- [THE DATA]

§ §

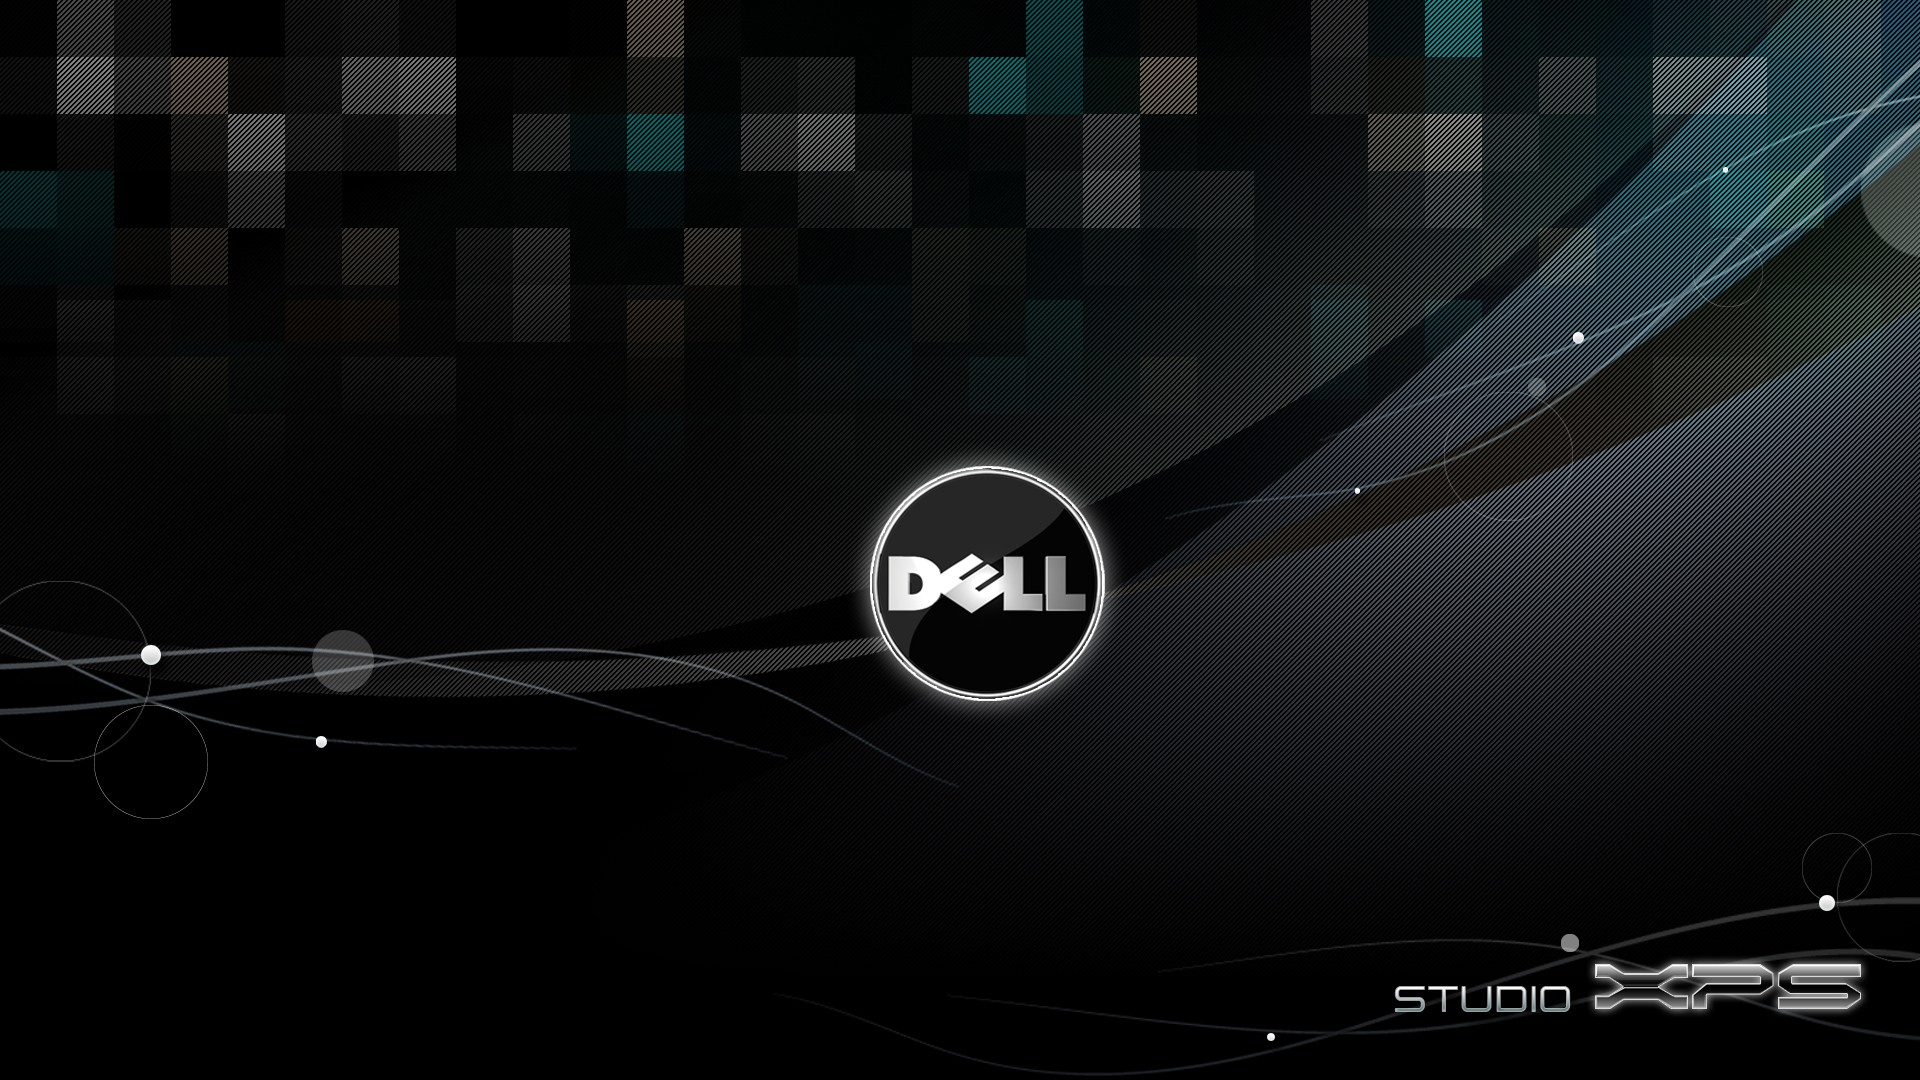 General 1920x1080 computer hardware Dell technology logo
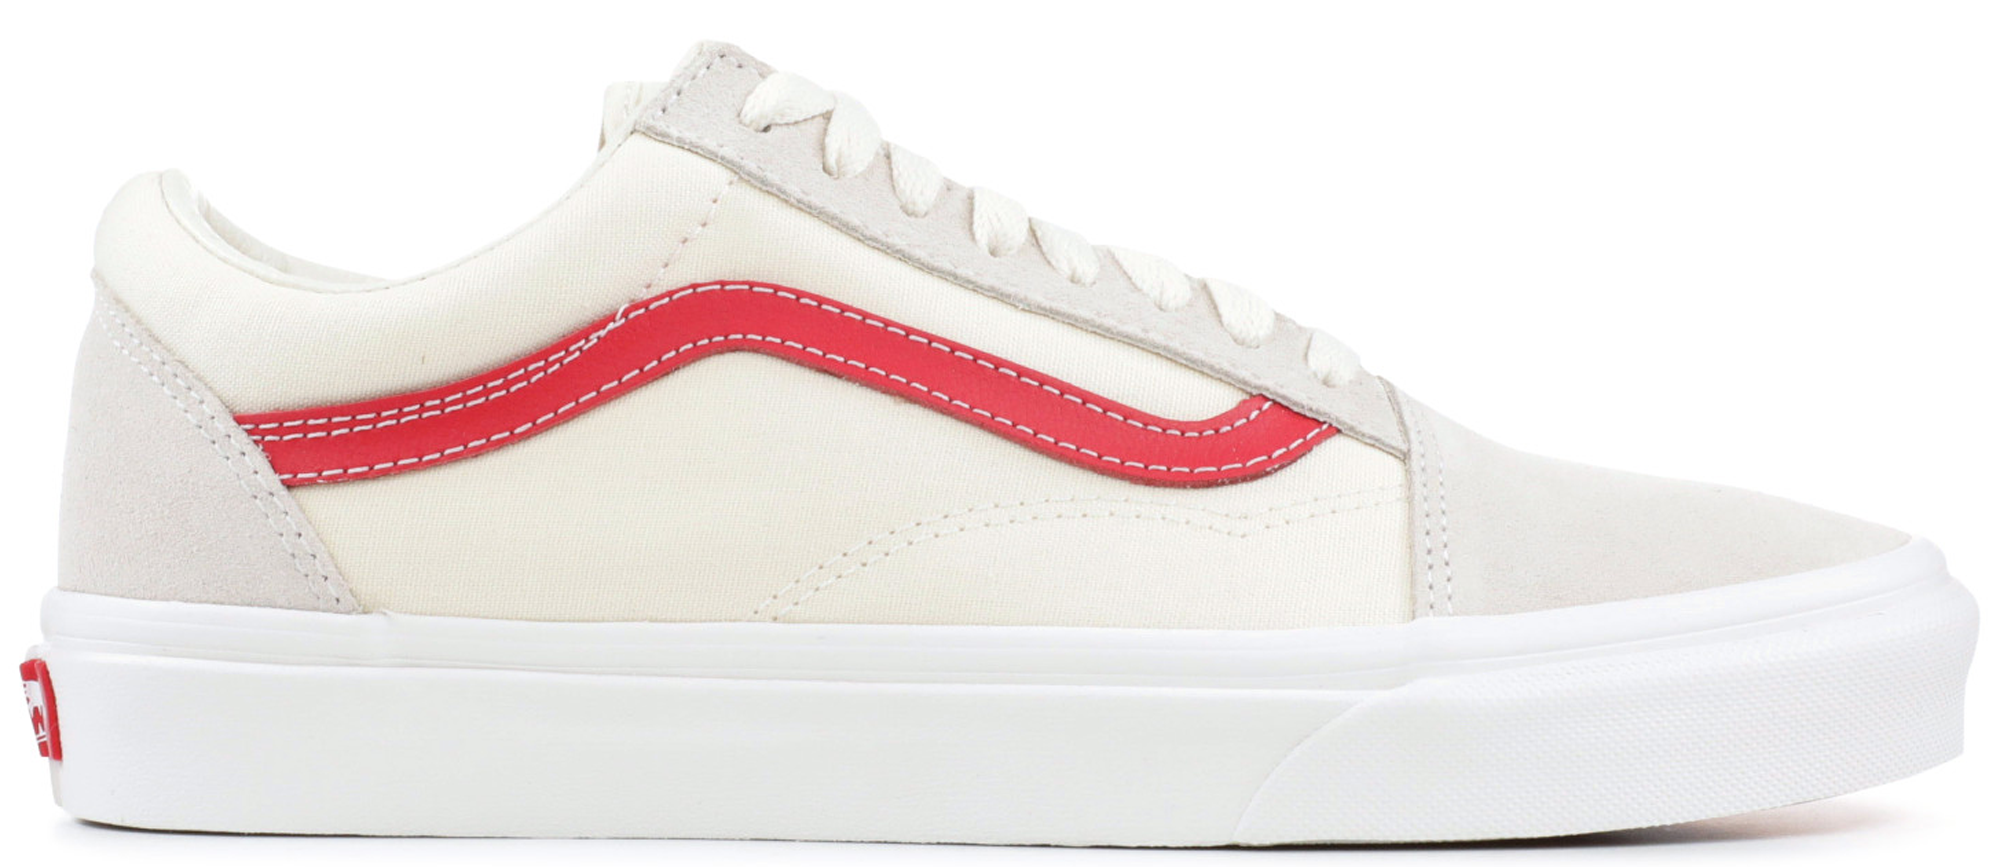 Vans Mens Old Skool - Shoes White/Red Size 10.5
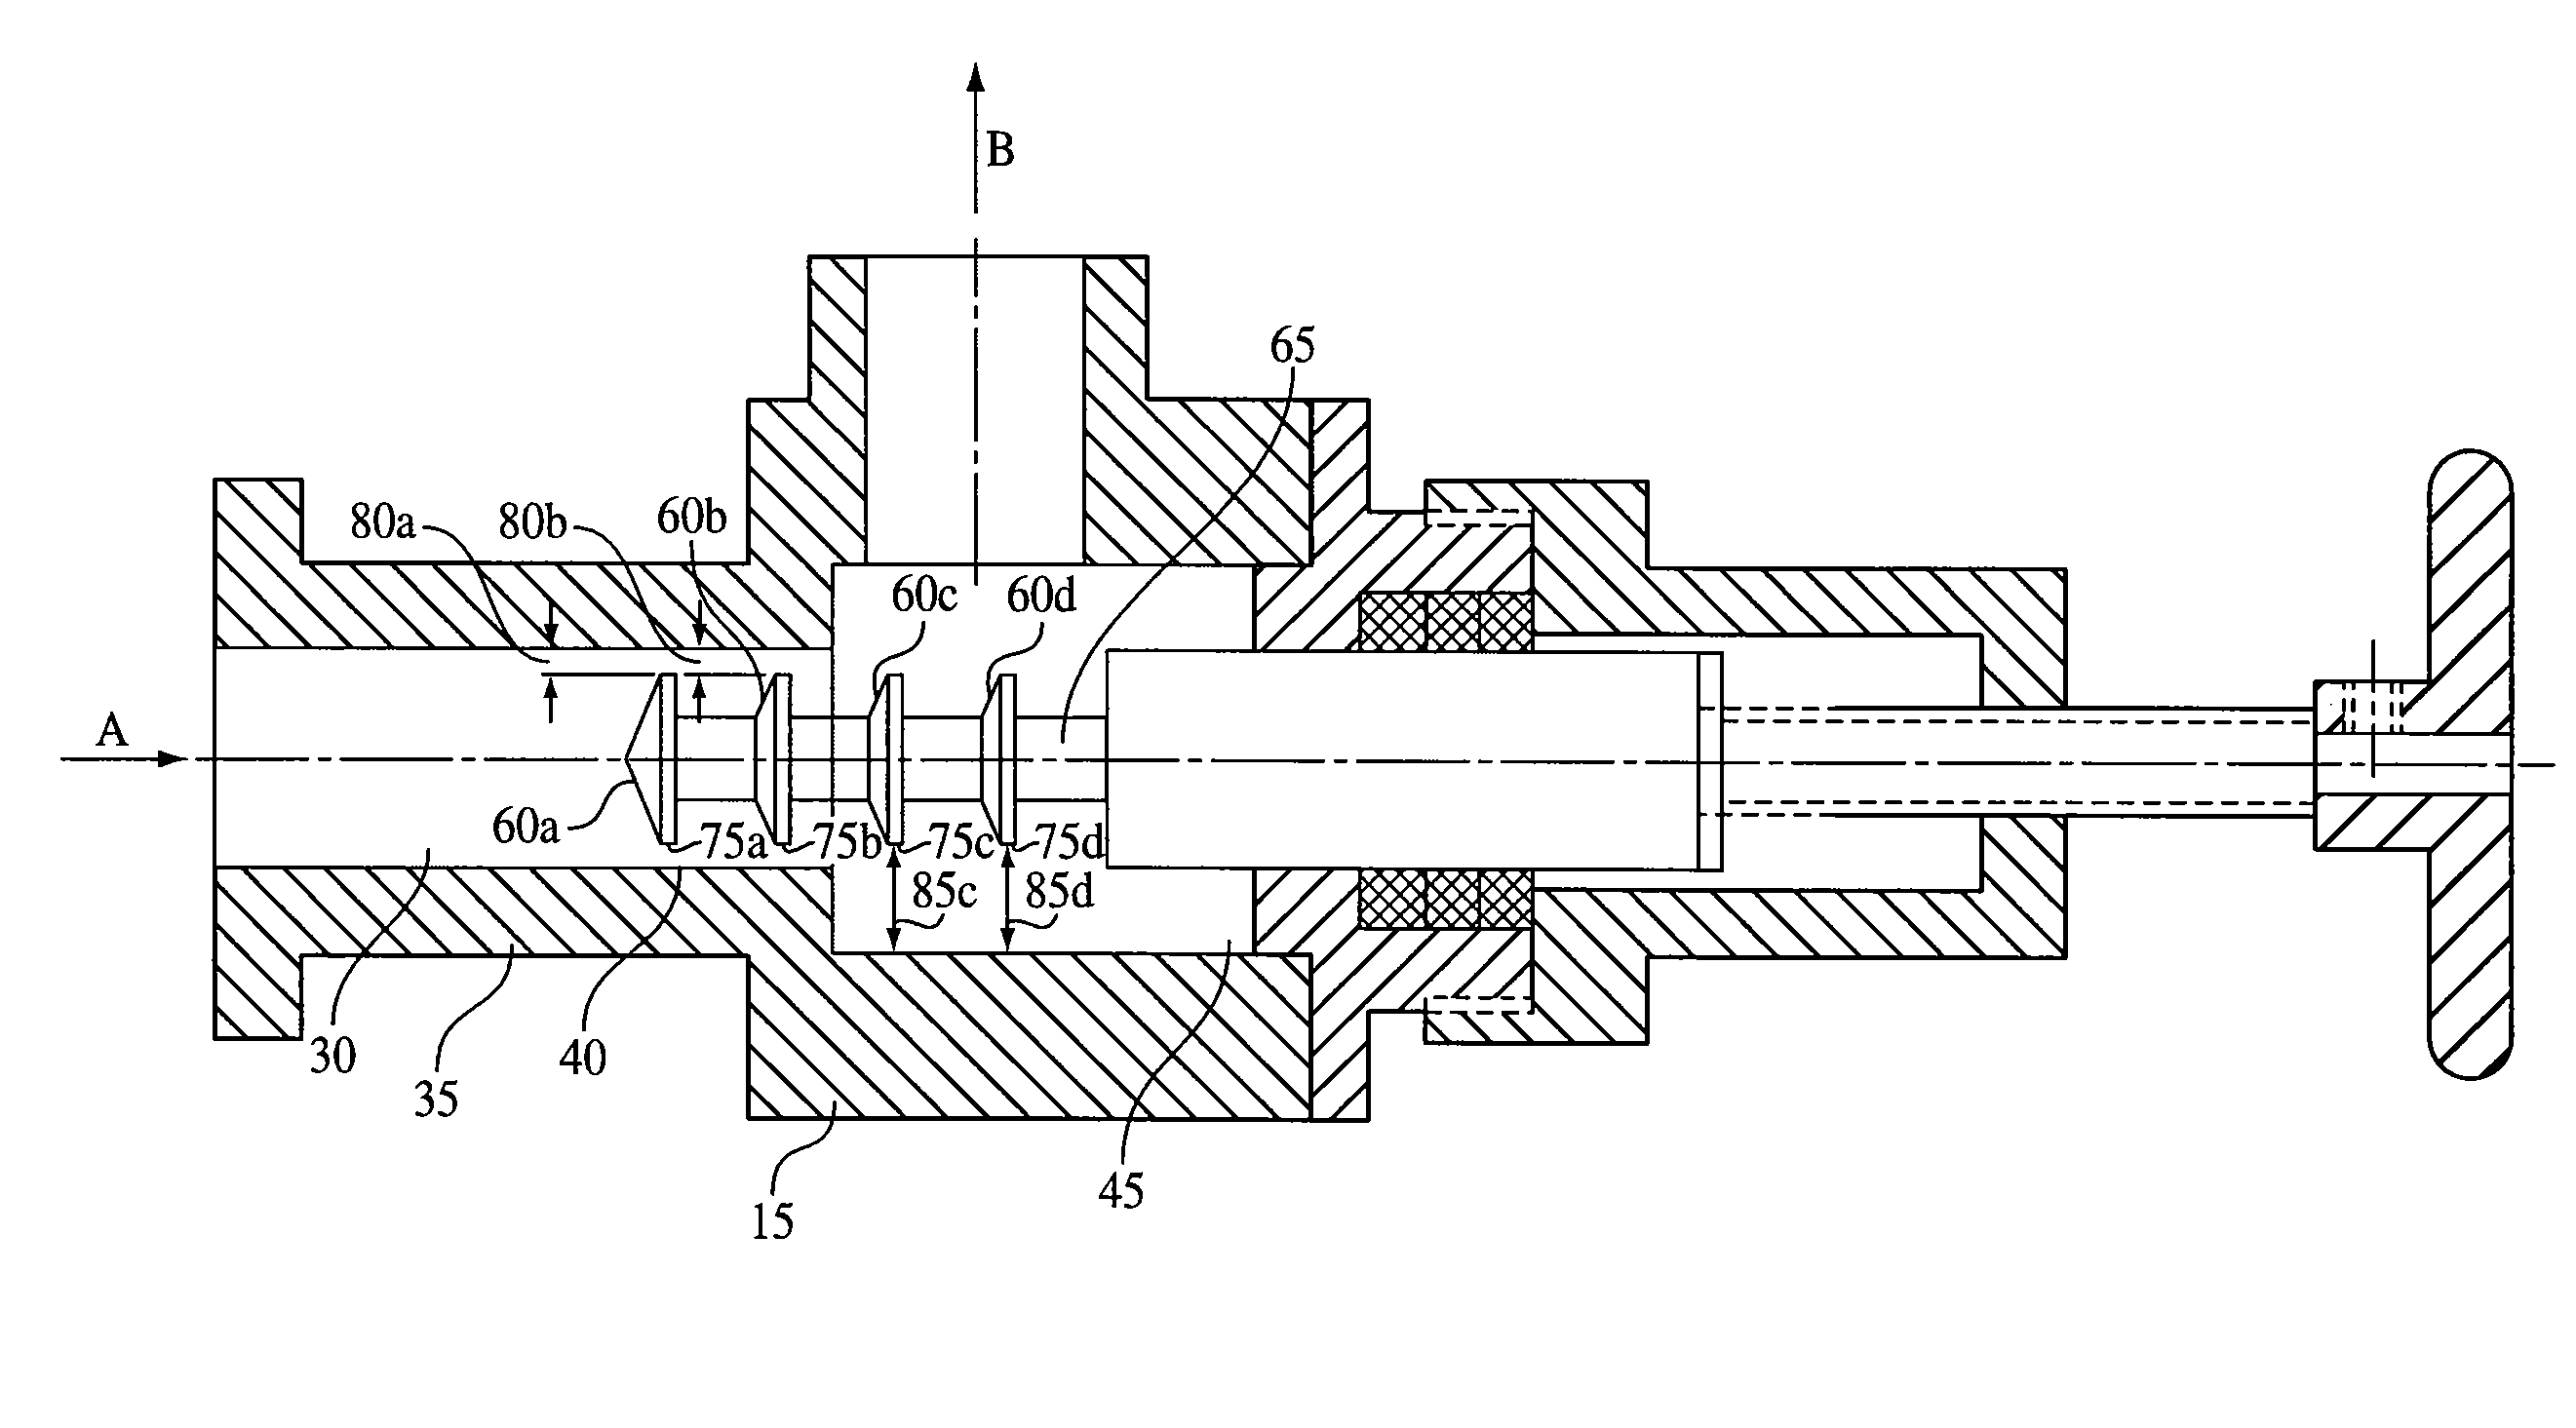 Device and method for creating hydrodynamic cavitation in fluids

§ §

- [WORK ITEM] Write out the listing above exactly as it stands, pictures excluded.

- [EXERCISE SOLUTION]
 General 1920x1080 computer hardware Dell technology logo
 Vans Mens Old Skool - Shoes White/Red Size 10.5
 Device and method for creating hydrodynamic cavitation in fluids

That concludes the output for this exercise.